Мы ехали белым лесом, без единого пятнышка, и если вчера в Москве нас одолевала распутица, то здесь царила крепкая правильная зима и было чисто, как в церкви накануне большого праздника. Деревья, покрытые инеем и облепленные снегом, были прекрасны. Они имели видимость фиговых и кокосовых пальм и бананов, какие растут, наверное, только в Индии или в Бразилии и уж никак не подходят к нашей скудоумной природе. И то, что она, природа, вдруг расщедрилась на эти богатства, неизвестно откуда взявшиеся, заставило меня вспомнить о каменноугольном периоде, когда и у нас в России, как доказывает наука, имелась своя – не хуже бразильской – тропическая растительность, которую мы теперь под видом антрацита сжигаем и пускаем в трубу.
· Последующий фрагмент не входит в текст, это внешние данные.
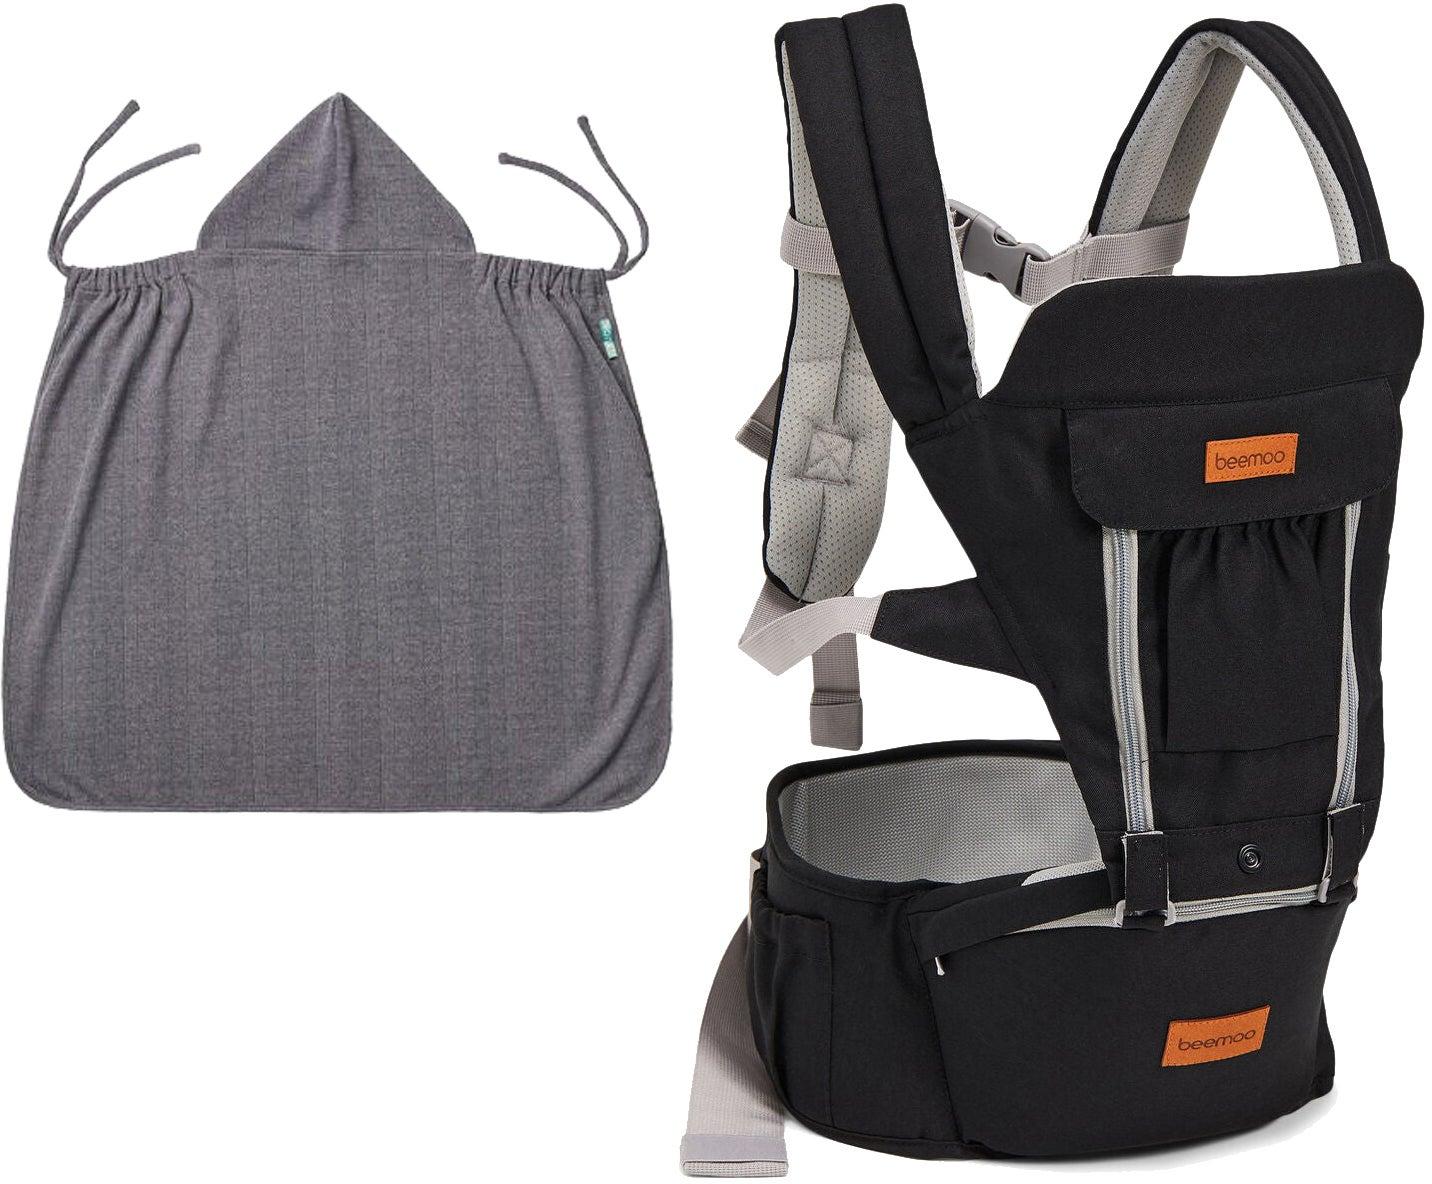 Beemoo Carry Comfort Adjust Bärsele inkl Överdrag, Black

Но раздумье об этой утрате древовидных папоротников и хвощей не ввергало меня в уныние и безысходный пессимизм. Трубчатые стволы, и перистые опахала, и веера, и звезды, и вензеля, и перстни, сгорая дотла в паровозе, возвращались к нам обратно – выполненные из снега – по обеим сторонам железнодорожного полотна. Они возникали, не успев исчезнуть, и хотя они были немного не такими, было в их основе что-то такое, такое хрустальное и божественно-твердое, что сообщало всем этим жиденьким березкам да елкам неизгладимый папоротниковый отпечаток.
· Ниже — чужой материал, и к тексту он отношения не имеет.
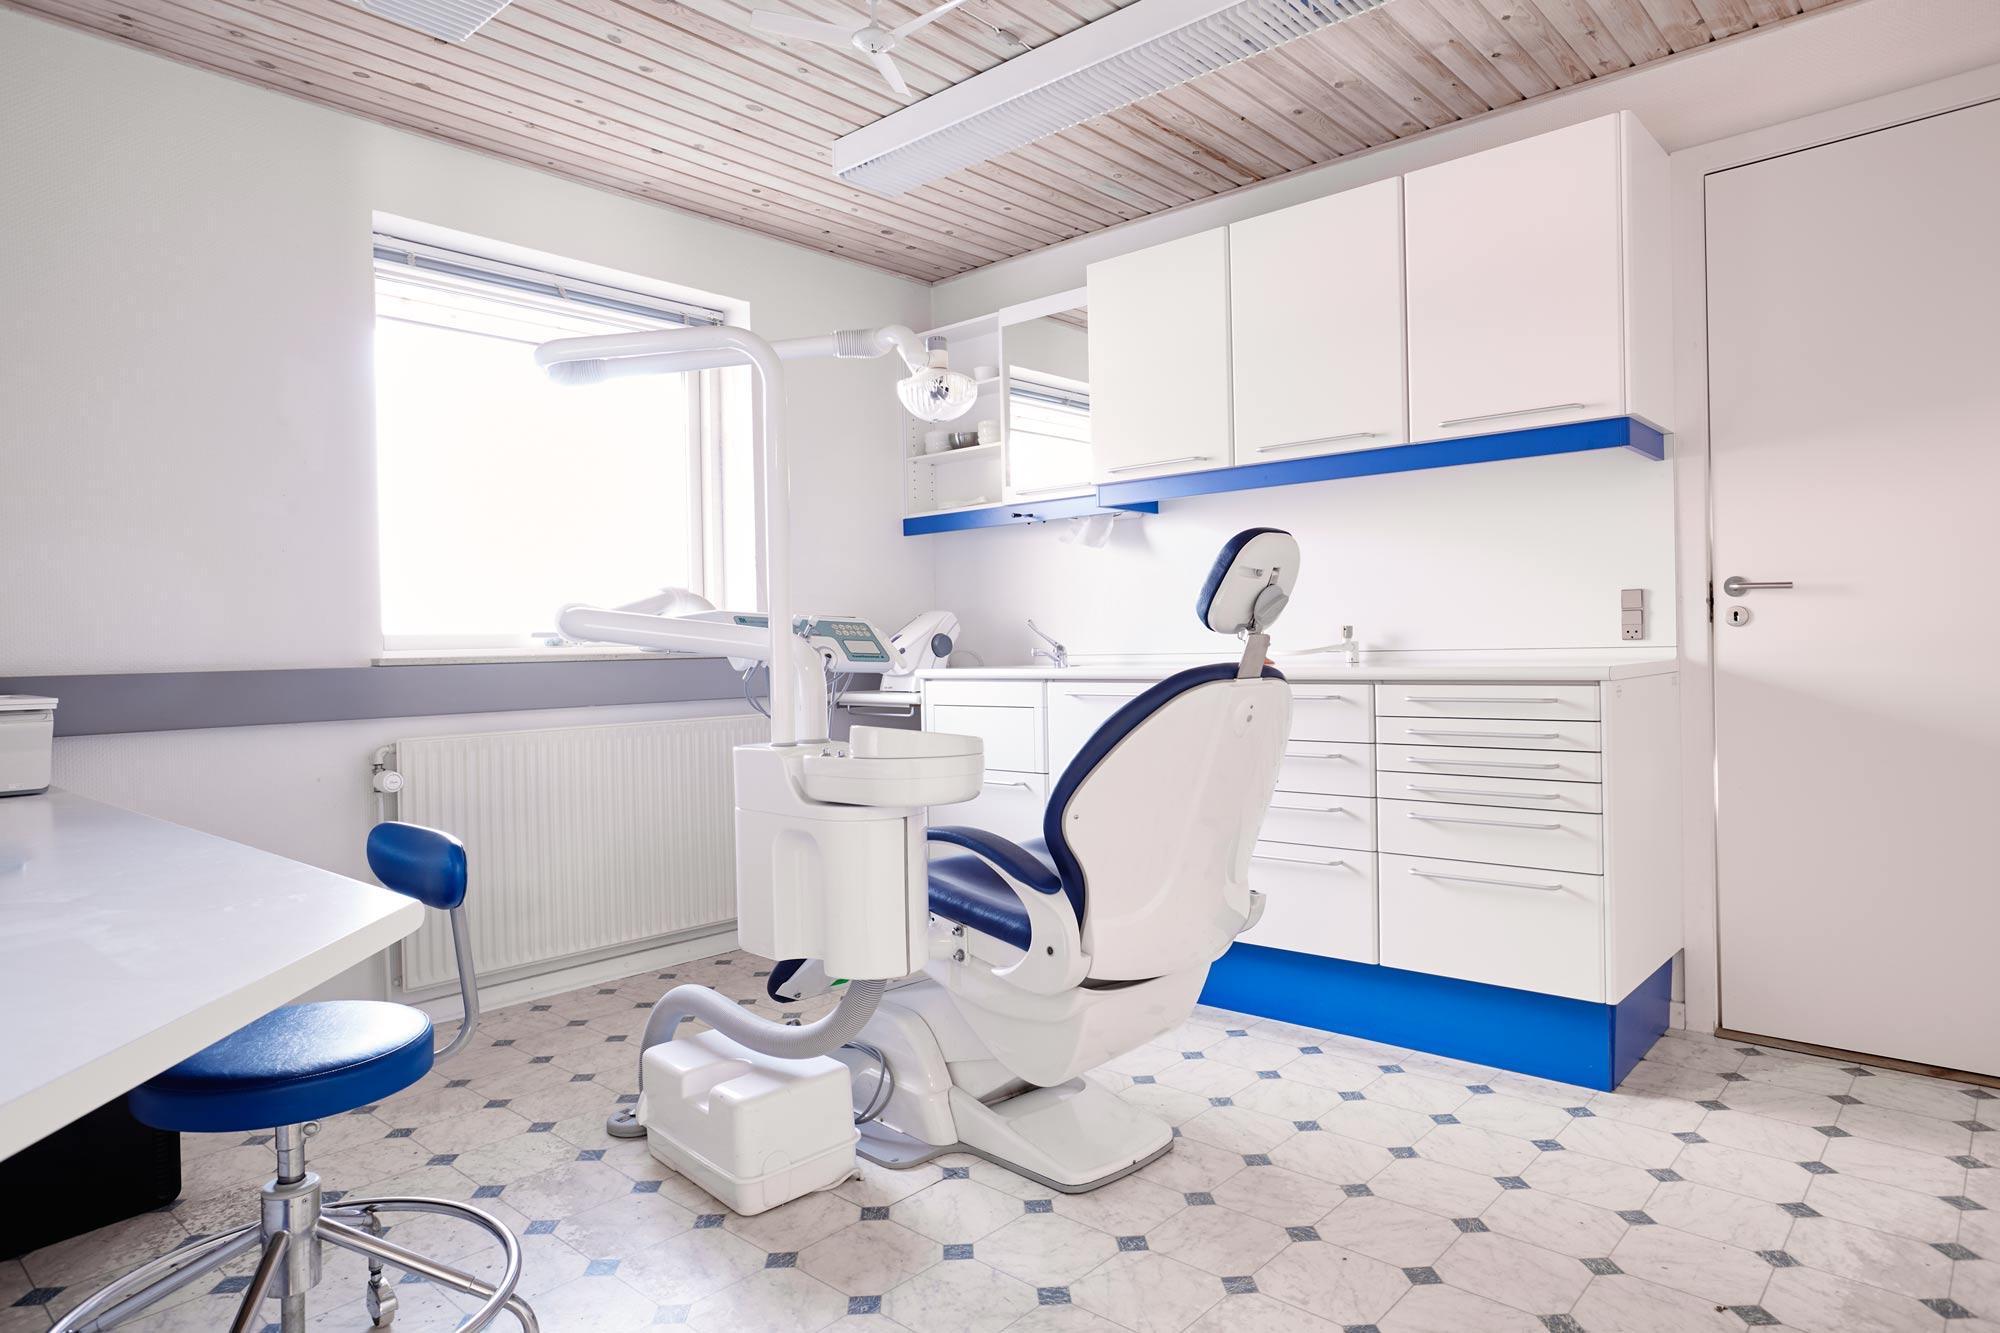 Hobro klinikken

Значит, рассуждая логически, ничто не гибнет в природе, но все укореняется одно в другом, отпечатывается, затвердевает. Значит, и мы, люди, сохраняем в подвижном лице, в разных привычках, капризах и в капризных улыбках – затвердевшие признаки всех тех, кто жил когда-то в наших трубчатых душах, как в катакомбах, как в норах, и оставил нам на память останки своих заселений.
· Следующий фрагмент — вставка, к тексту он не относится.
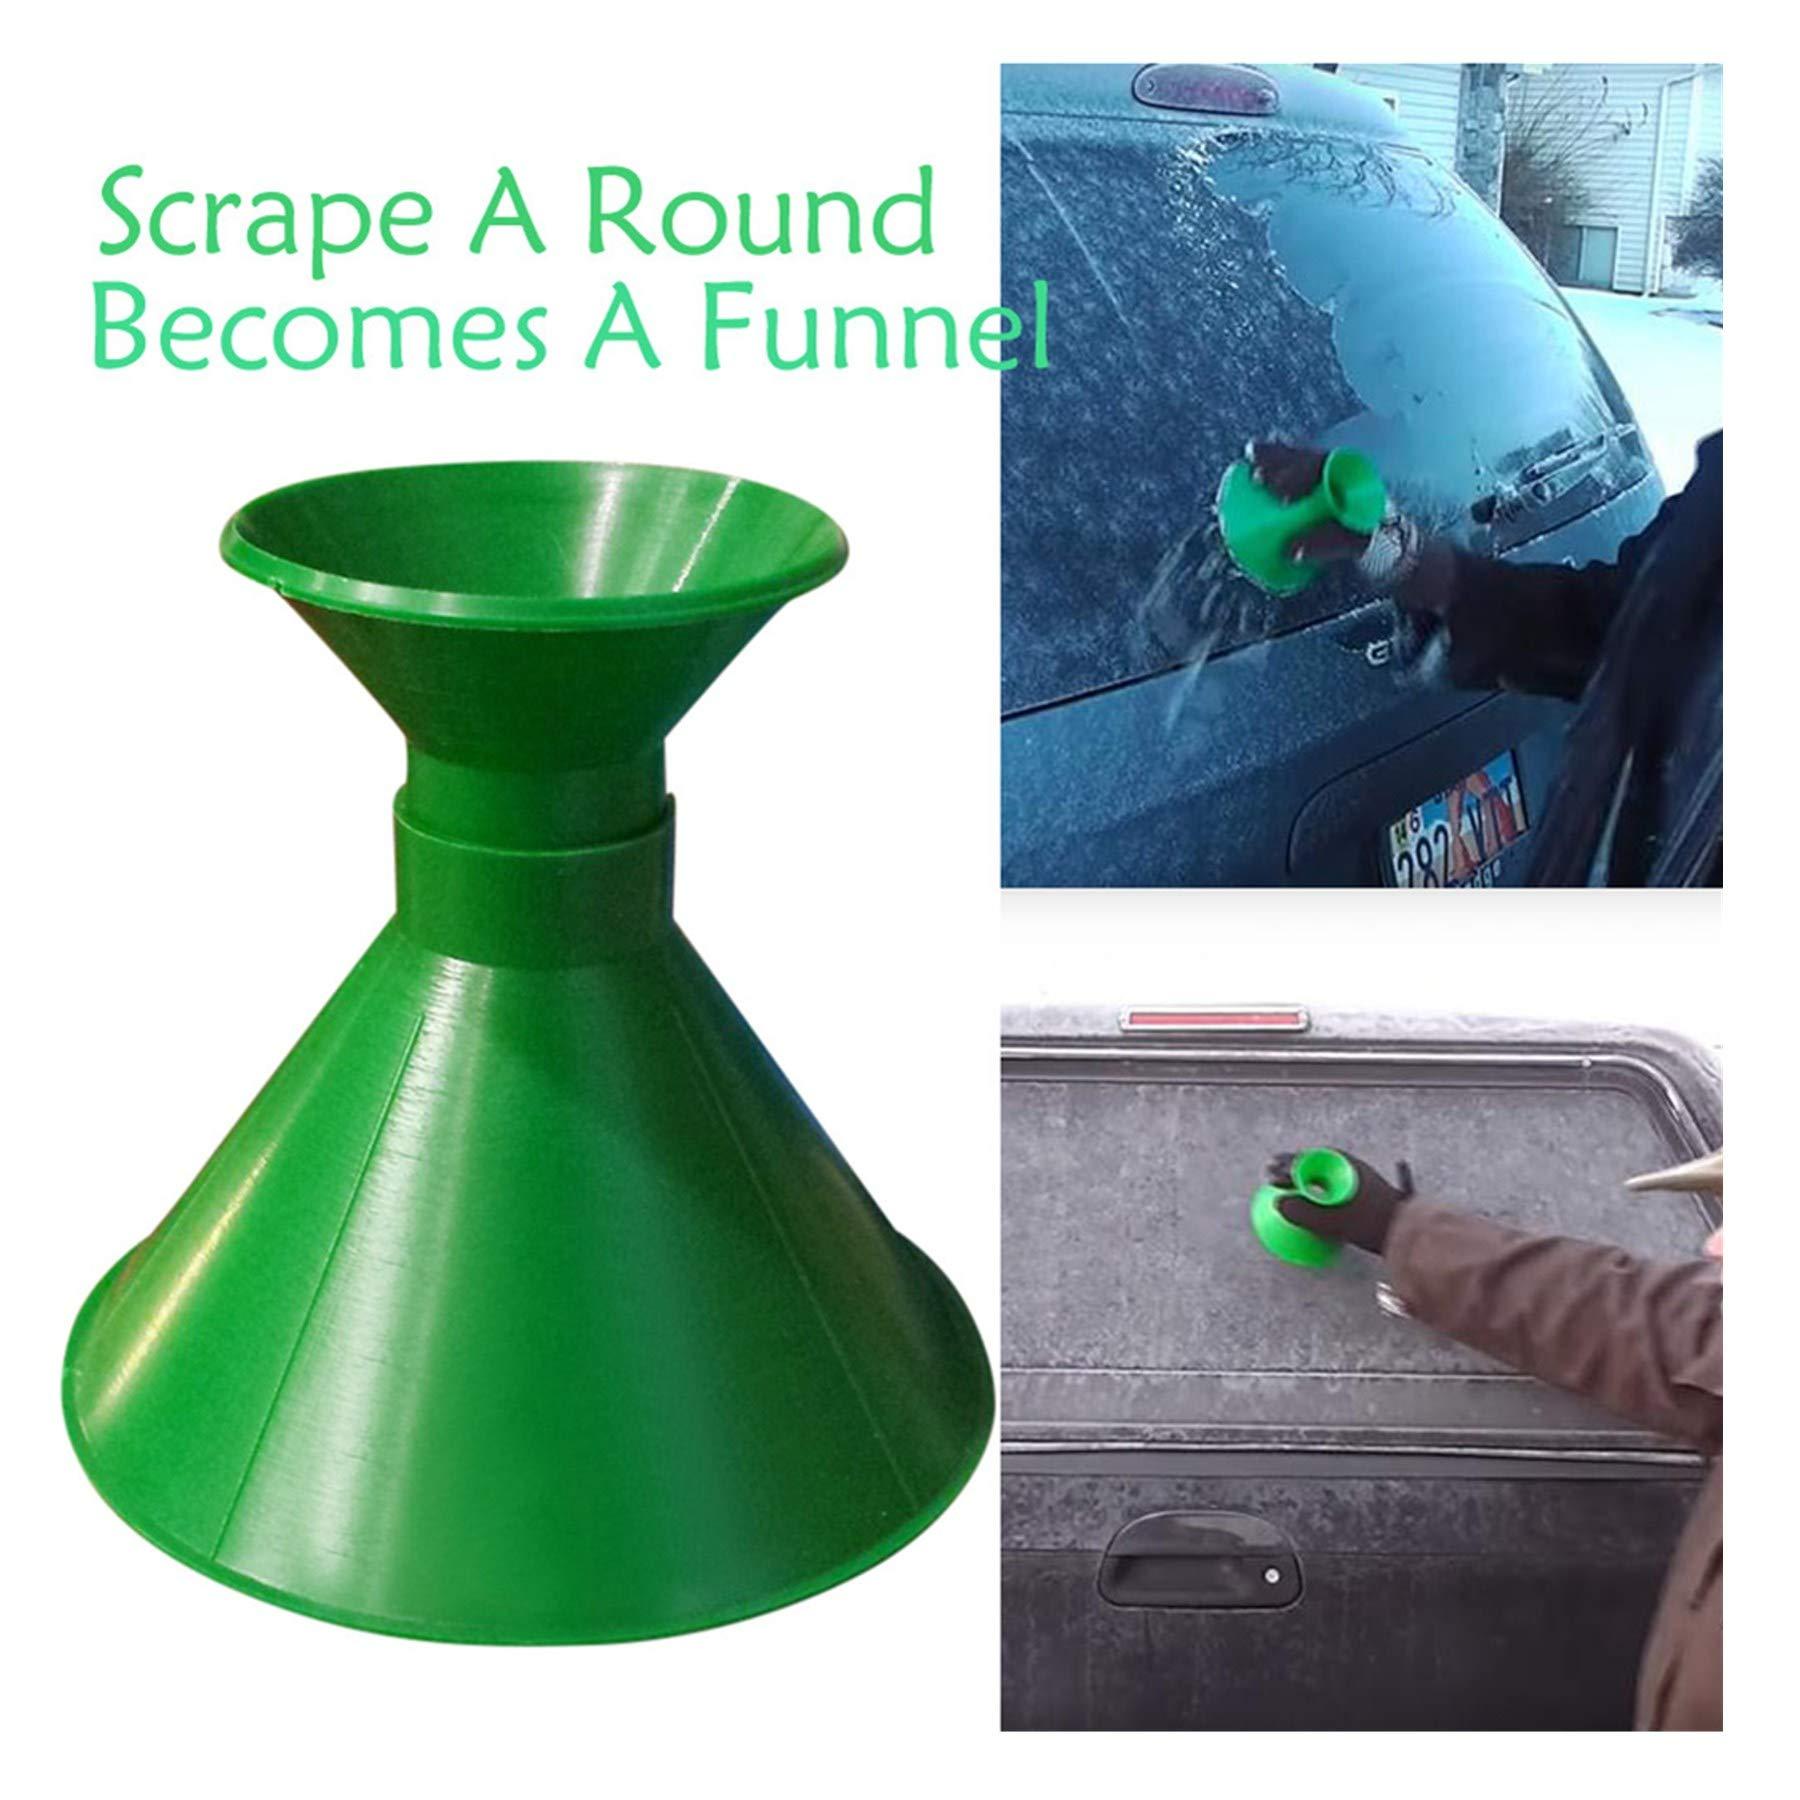 Challyhope Scrape A Round Ice Scraper Magic Scraper Cone Windshield Ice Scraper Snow Scraper Snow Removal Tools (Green)

Эта мысль еще недавно бросала меня в дрожь. Мое миниатюрное «я» эгоистически сопротивлялось пришельцам, которые, подобно вшам, нежданно-негаданно завелись у меня в голове и грозили полным расстройством всей моей центральной системы. Но сейчас – перед лицом природы, обнаруживающей порядок и стройность, – это присутствие посторонних существ только тешило и забавляло меня и приводило к сознанию моей глубины, силы и внутренней полноценности. Все, что ни лезло в голову, я обдумывал на ходу, лежа на верхней полке животом вниз, и прикидывал так и эдак мои наблюдения над жизнью, и подкладывал под них прочный философский фундамент.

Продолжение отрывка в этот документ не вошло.